INSTRUCTIONS TO FOLLOW:
Pictures aside, repeat the whole listing word for word.

SOURCE MATERIAL:
↓↓↓

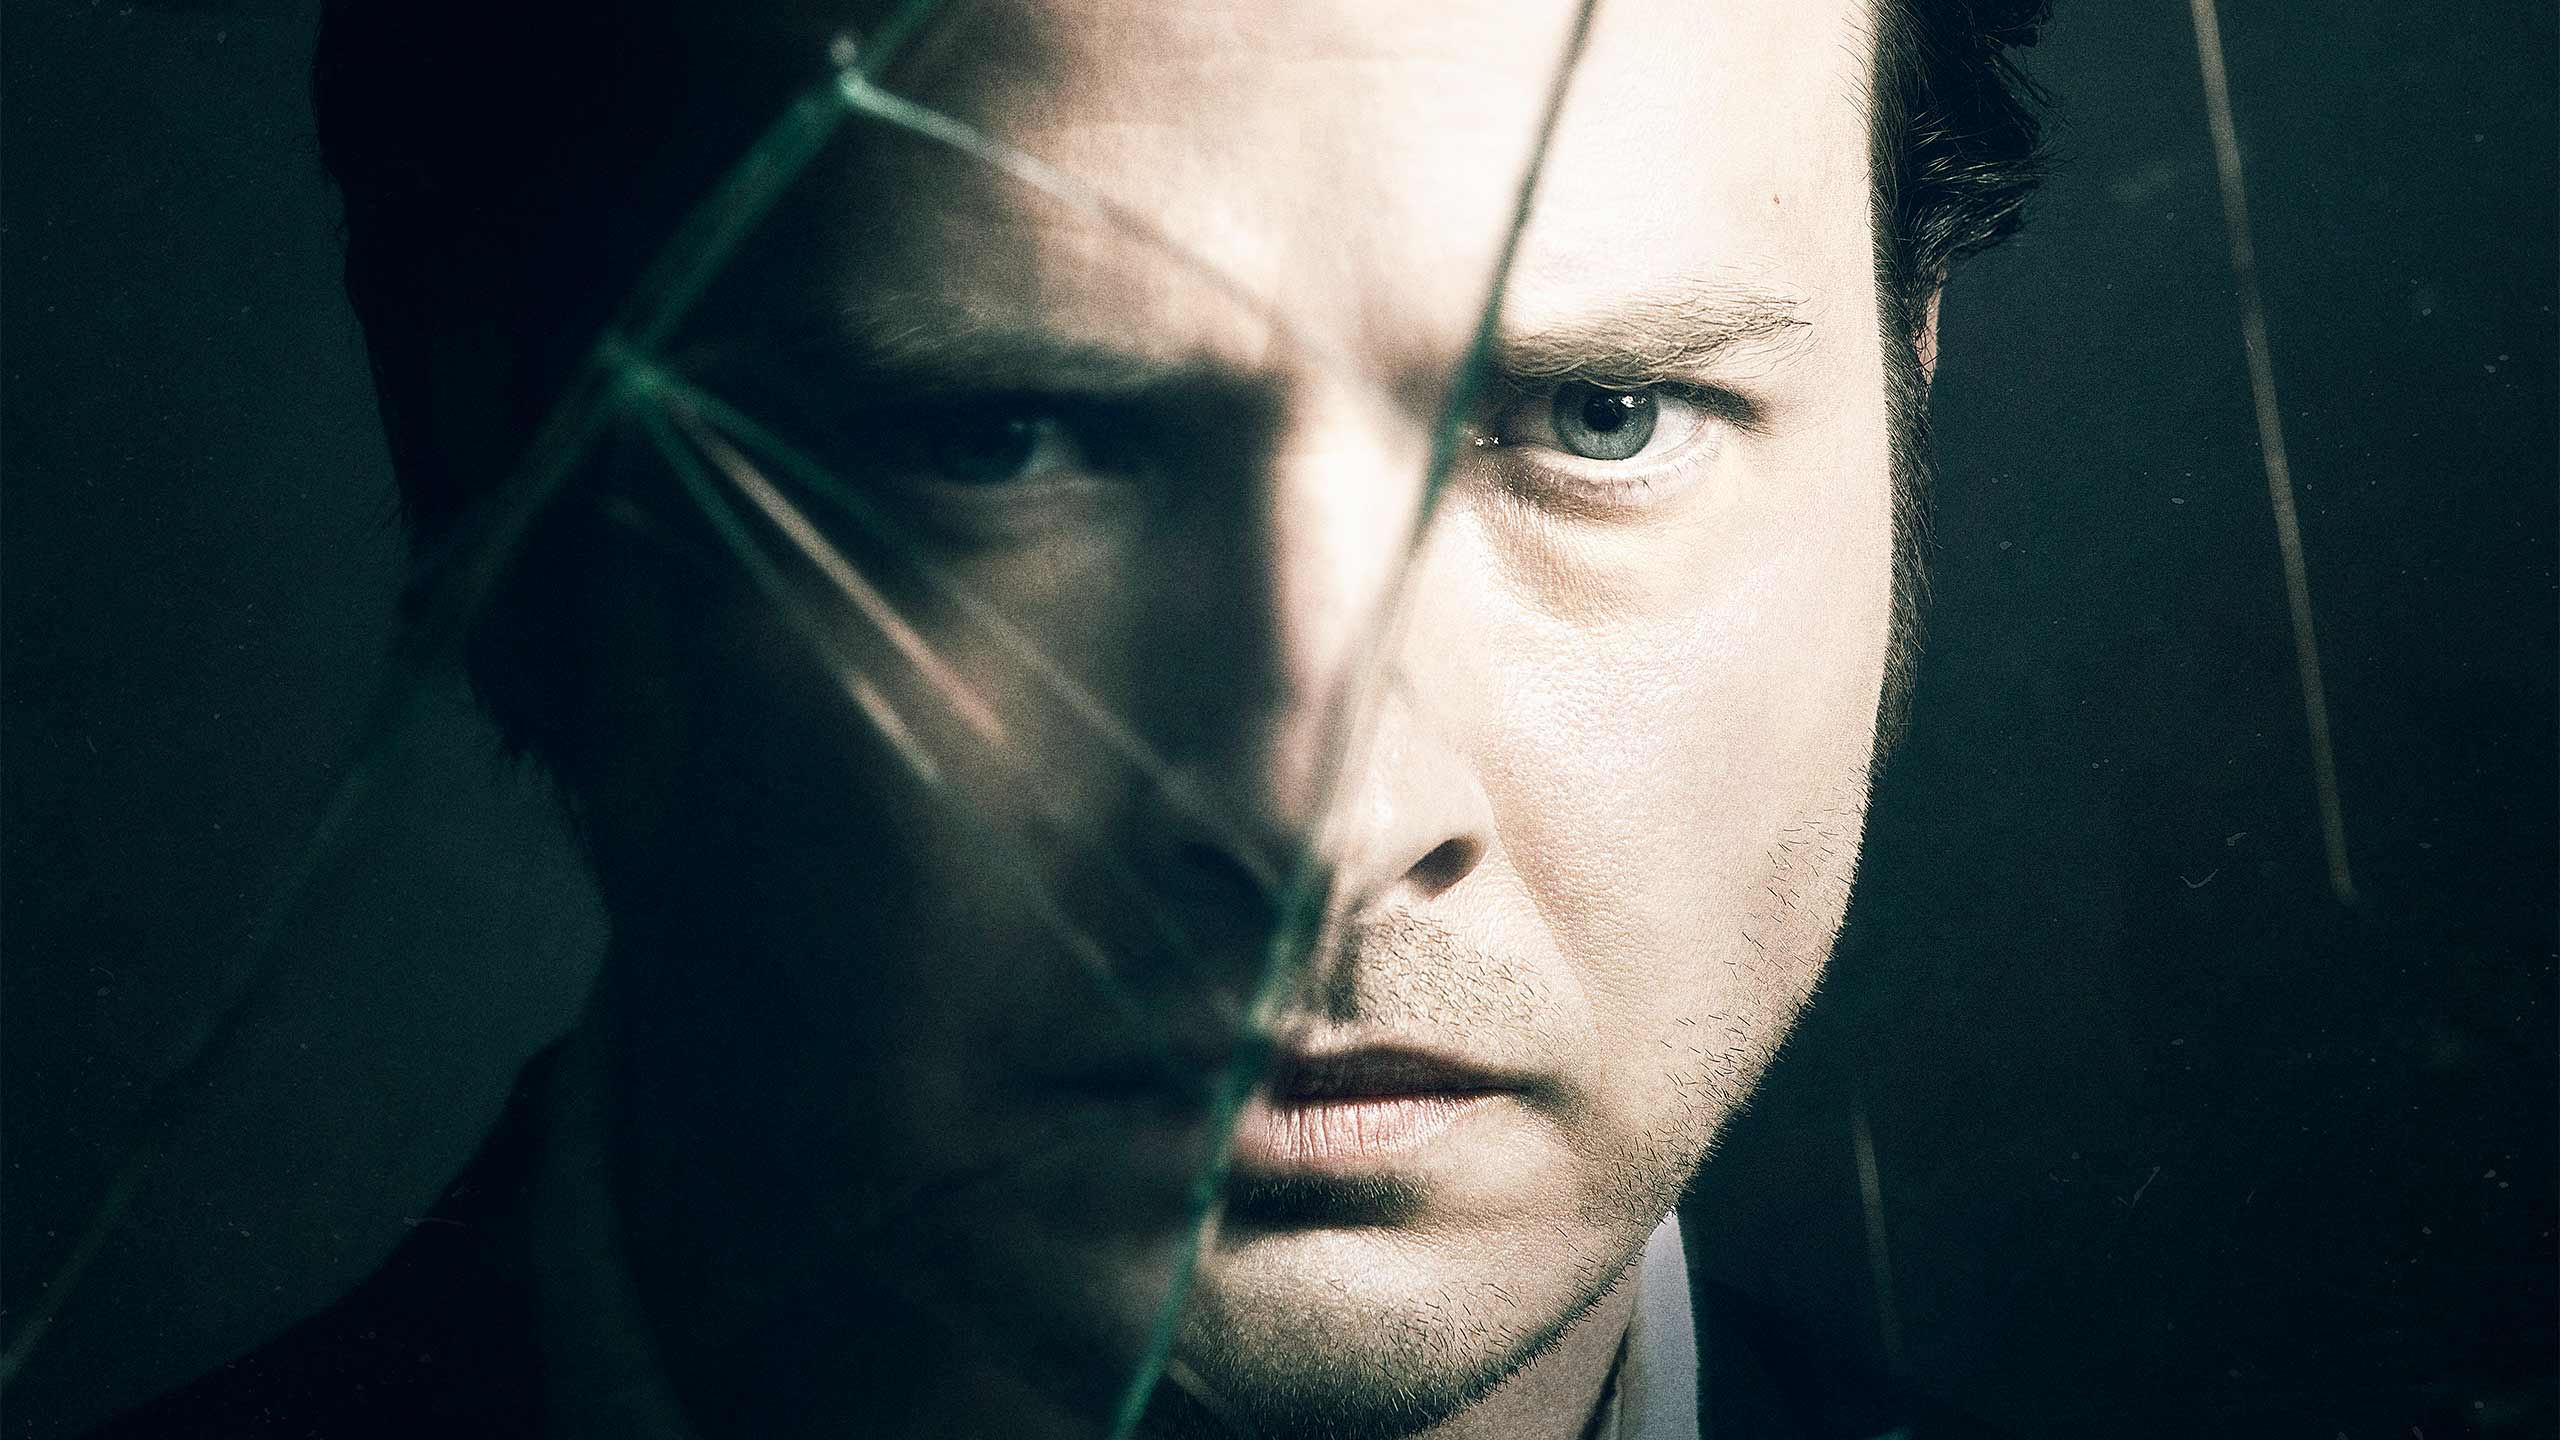 Rectify Trailer, From the producers of Breaking Bad. Daniel Holden is freed after 19 years on death row. As he adapts to life outside, anger is reignited in the small town to which he returns. Daniel Holden may be free, but the battle for his life is far from over. 
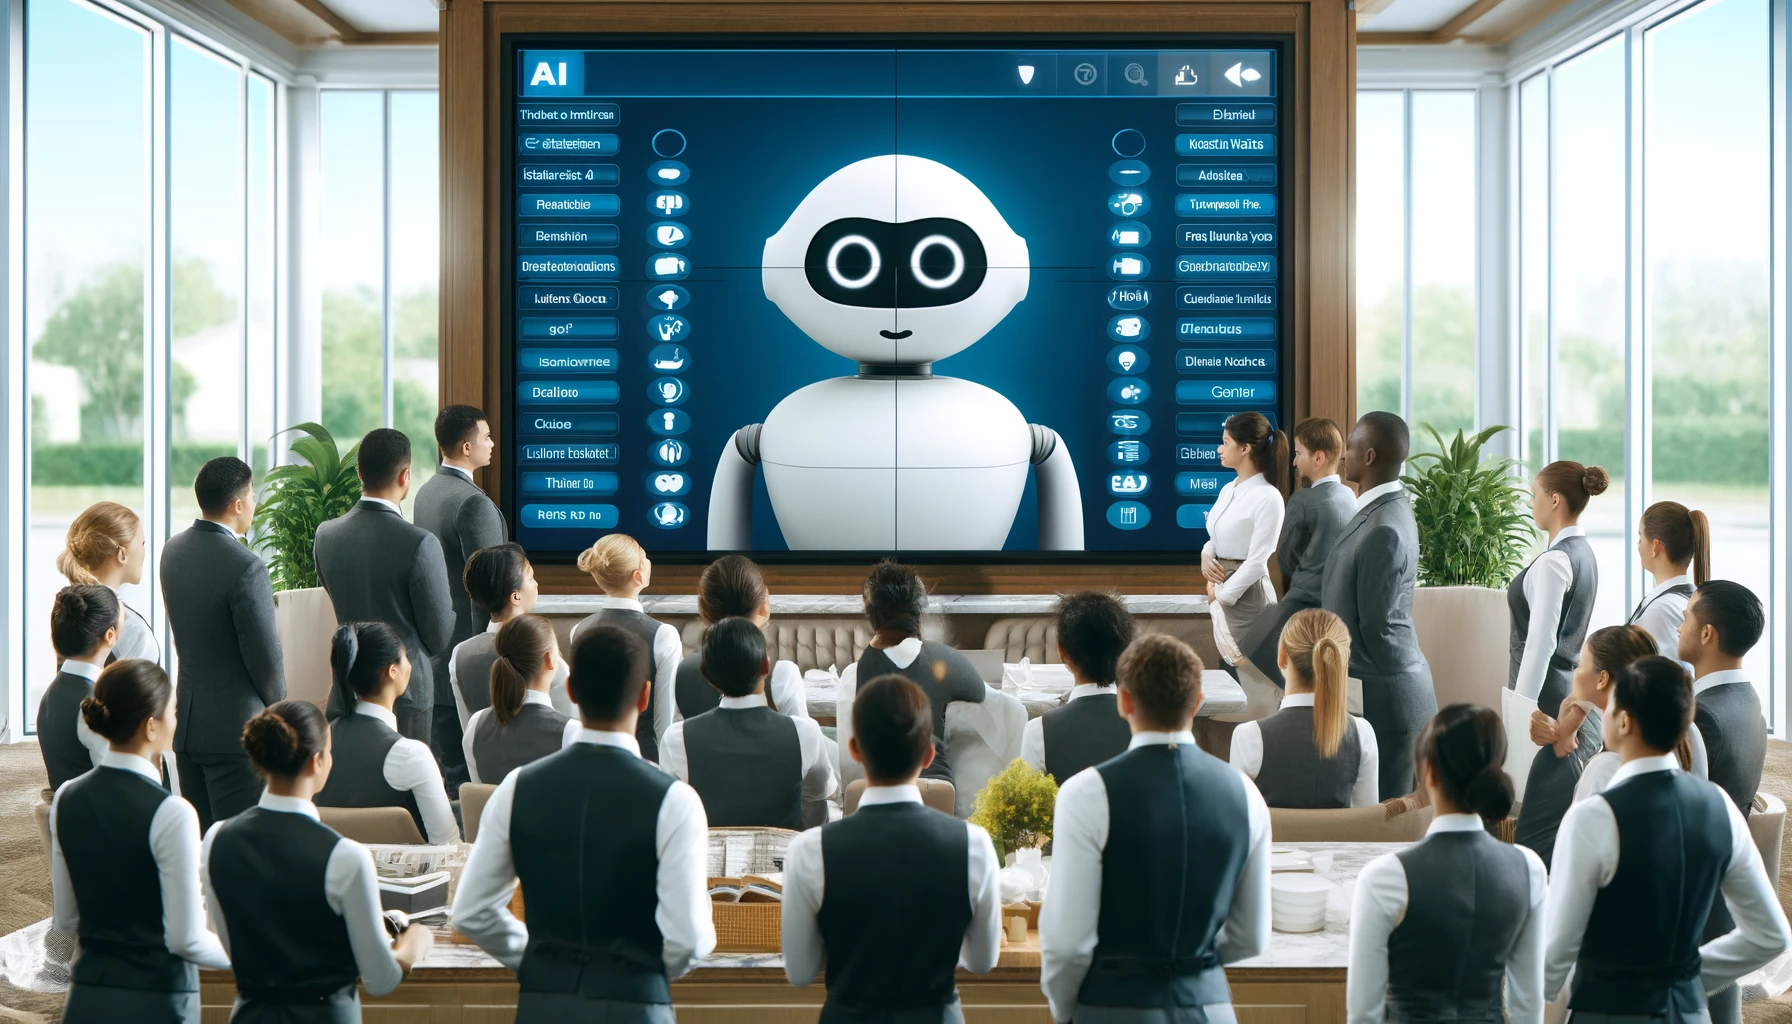 AI Chatbots in Hotels: Enhancing Guest Experiences through Brand-Aligned Technology and Comprehensive Staff Training
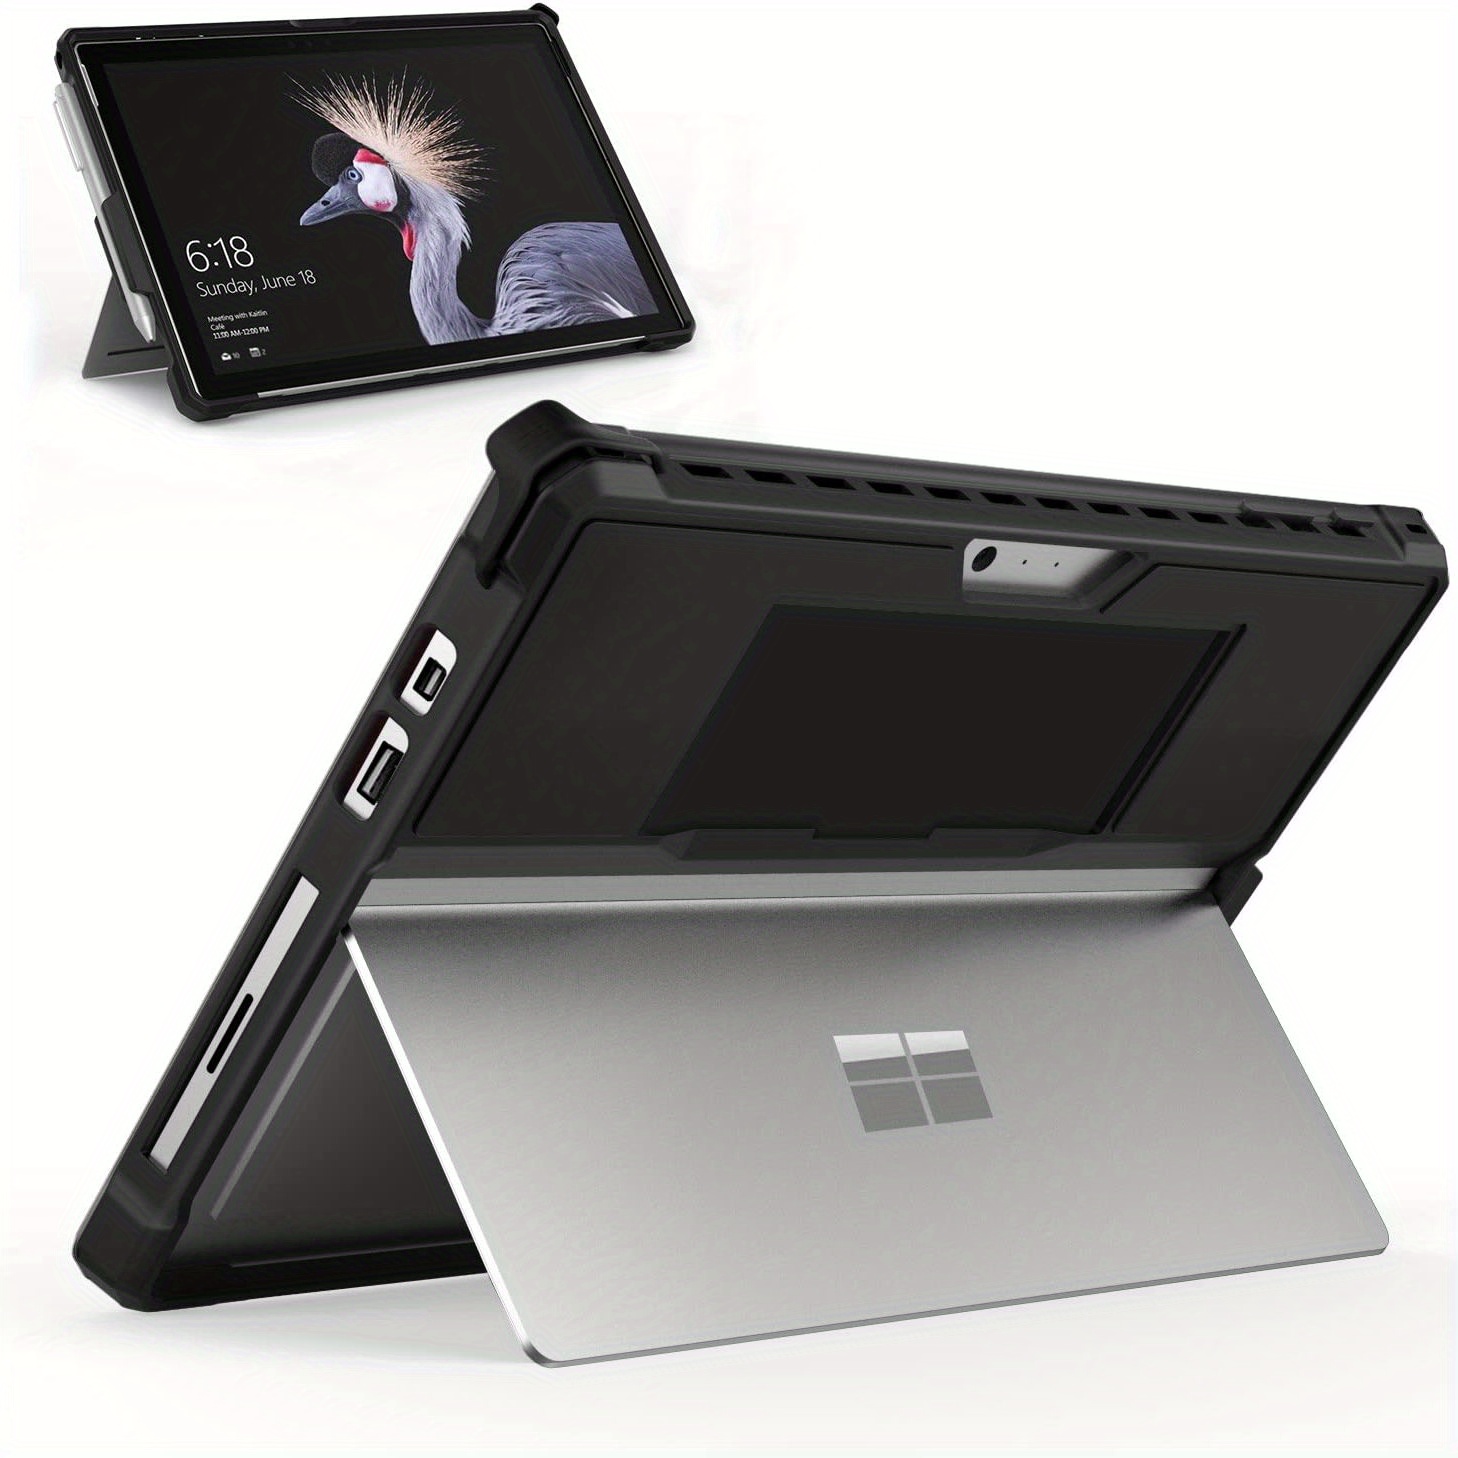 Microsoft Surface Pro 4 Tablet Computer

↑↑↑

THE ANSWER:
 Rectify Trailer, From the producers of Breaking Bad. Daniel Holden is freed after 19 years on death row. As he adapts to life outside, anger is reignited in the small town to which he returns. Daniel Holden may be free, but the battle for his life is far from over. 
 AI Chatbots in Hotels: Enhancing Guest Experiences through Brand-Aligned Technology and Comprehensive Staff Training
 Microsoft Surface Pro 4 Tablet Computer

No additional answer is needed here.